Published: Sept 7, 2018 12:54 p.m. ET

White Paper and Webinar Address Common Misconceptions and Misuses

 

SUNNYVALE, Calif., Sept. 7, 2018 /PRNewswire/ — CPP, Inc., the publisher of the Myers-Briggs Type Indicator [®] (MBTI [®] ) assessment today announced “Creating Clarity: Addressing Misconceptions about the MBTI® Assessment”. The new white paper and accompanying webinar by noted author and MBTI Master Practitioner Patrick Kerwin discusses the history and most common misconceptions about the MBTI assessment, which today is used in 115 countries by 88 of the Fortune 100, is available in 29 languages, and is taken by millions of people worldwide.

Watch the webinar and download the white paper at https://www.cpp.com/en-US/Resources/Creating-Clarity-Addressing-Misconceptions-of-MBTI.

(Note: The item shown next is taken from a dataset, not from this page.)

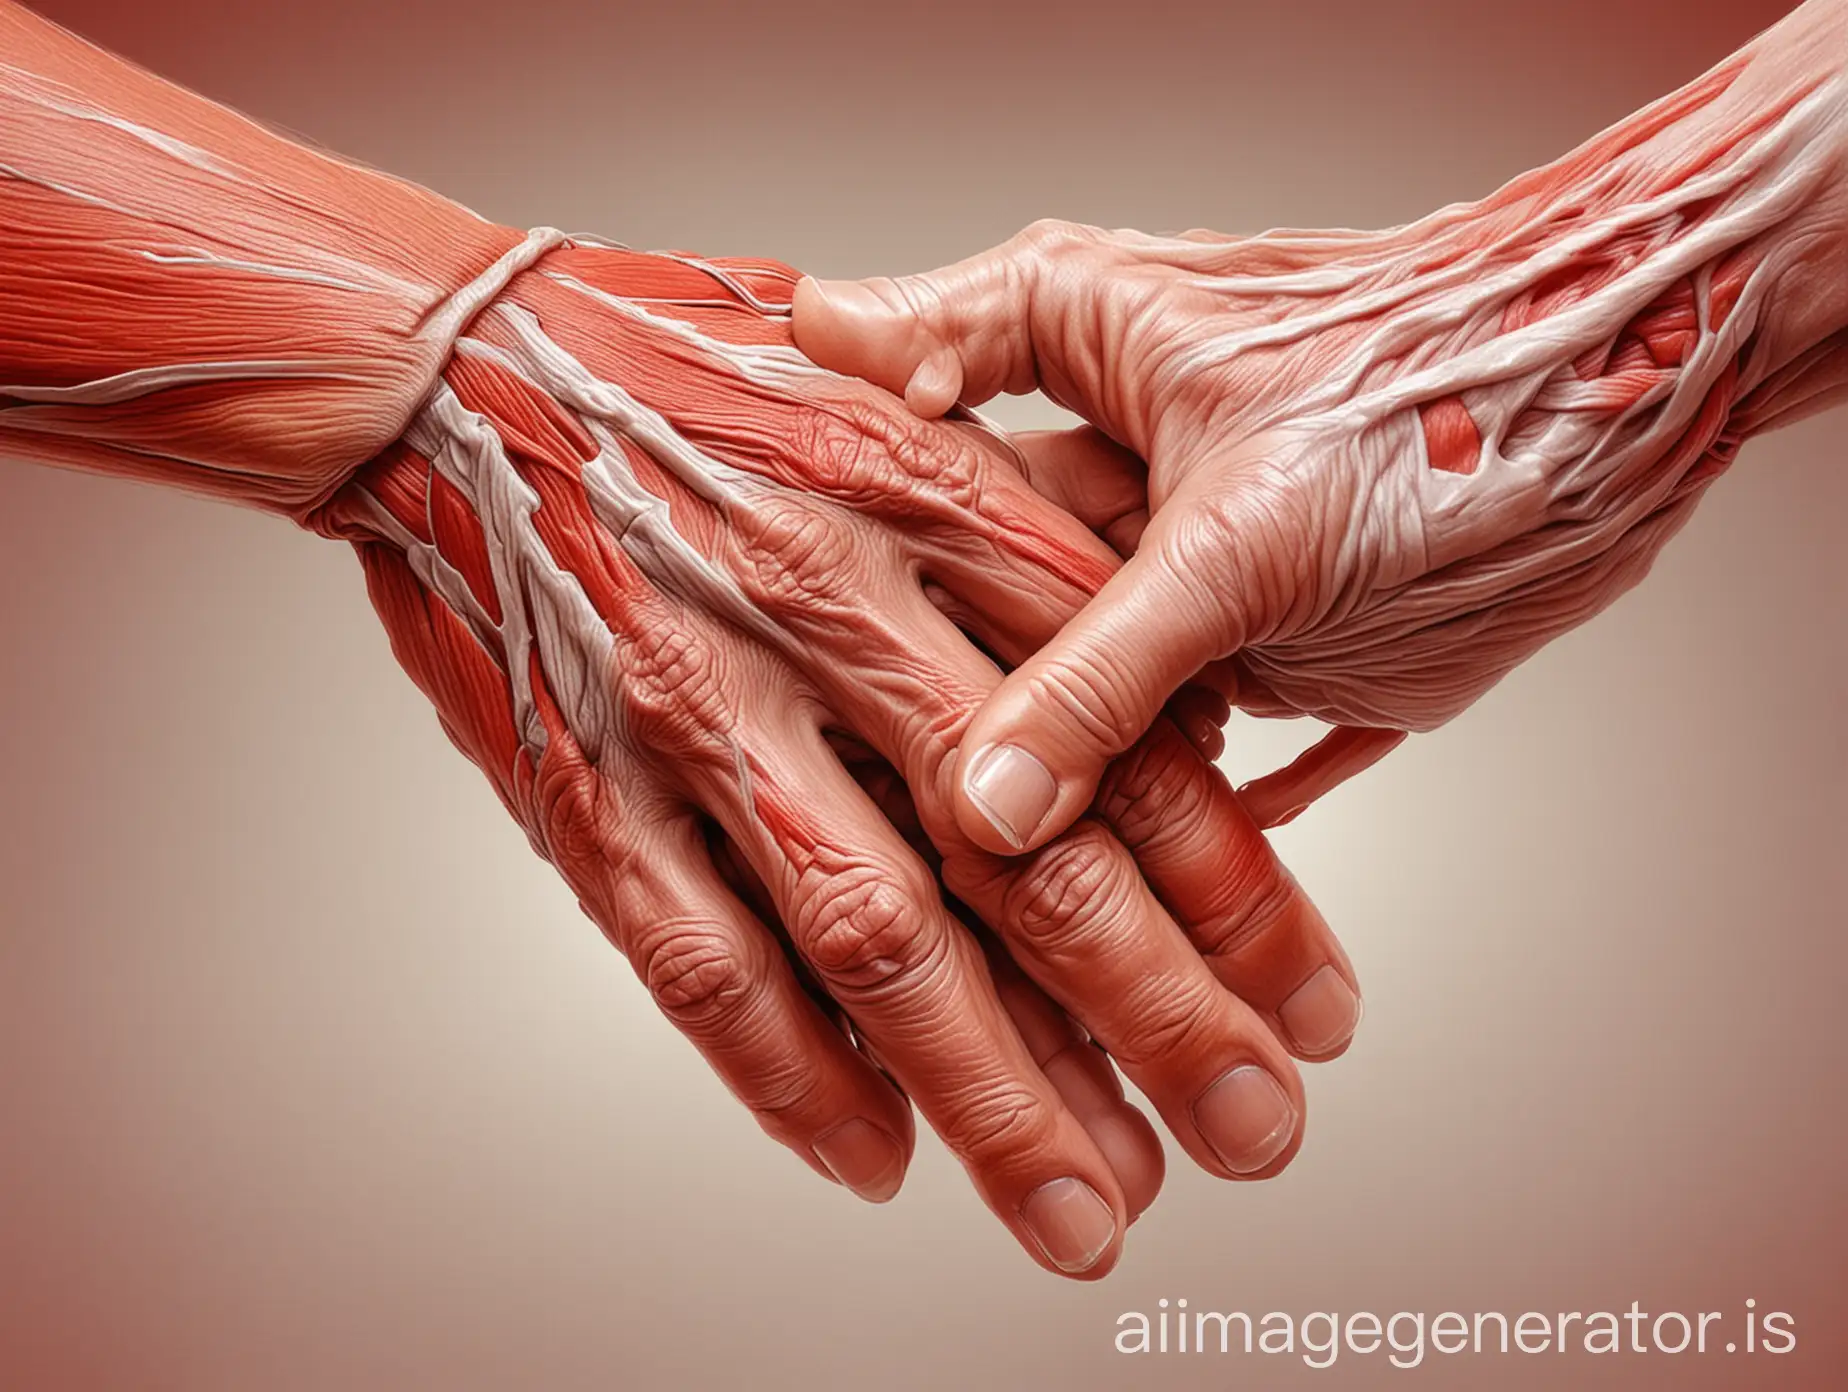 Interconnected-Hands-Grasping-with-Visible-Muscles-and-Tendons-on-FleshColored-Skin

Answering the MBTI critics Kerwin directly addresses criticisms of the MBTI, many of which can be traced back to misconceptions about the instrument, its framework, intended uses, or biases about personality assessments altogether. The paper answers the most pressing questions regarding the assessment, including:

“The MBTI assessment isn’t reliable”. Articles that criticize the MBTI assessment often quote a statistic from David Pittenger that claims a 50 percent retest rate over a 5-week retest period. Yet this widely circulated number originates from a 1993 study citing an even older 1979 [1] study based on an outdated form of the MBTI, not the current version of the instrument. Research in the MBTI Manual shows that over a 4-week retest period, 65 percent of respondents had all four preferences the same, and 93 percent had three or four the same. [2] The MBTI Form M Manual Supplement (2009) shows test-retest reliabilities up to four years ranging from .57 to .81 and one-month test-reliabilities of .94 to .97. [3]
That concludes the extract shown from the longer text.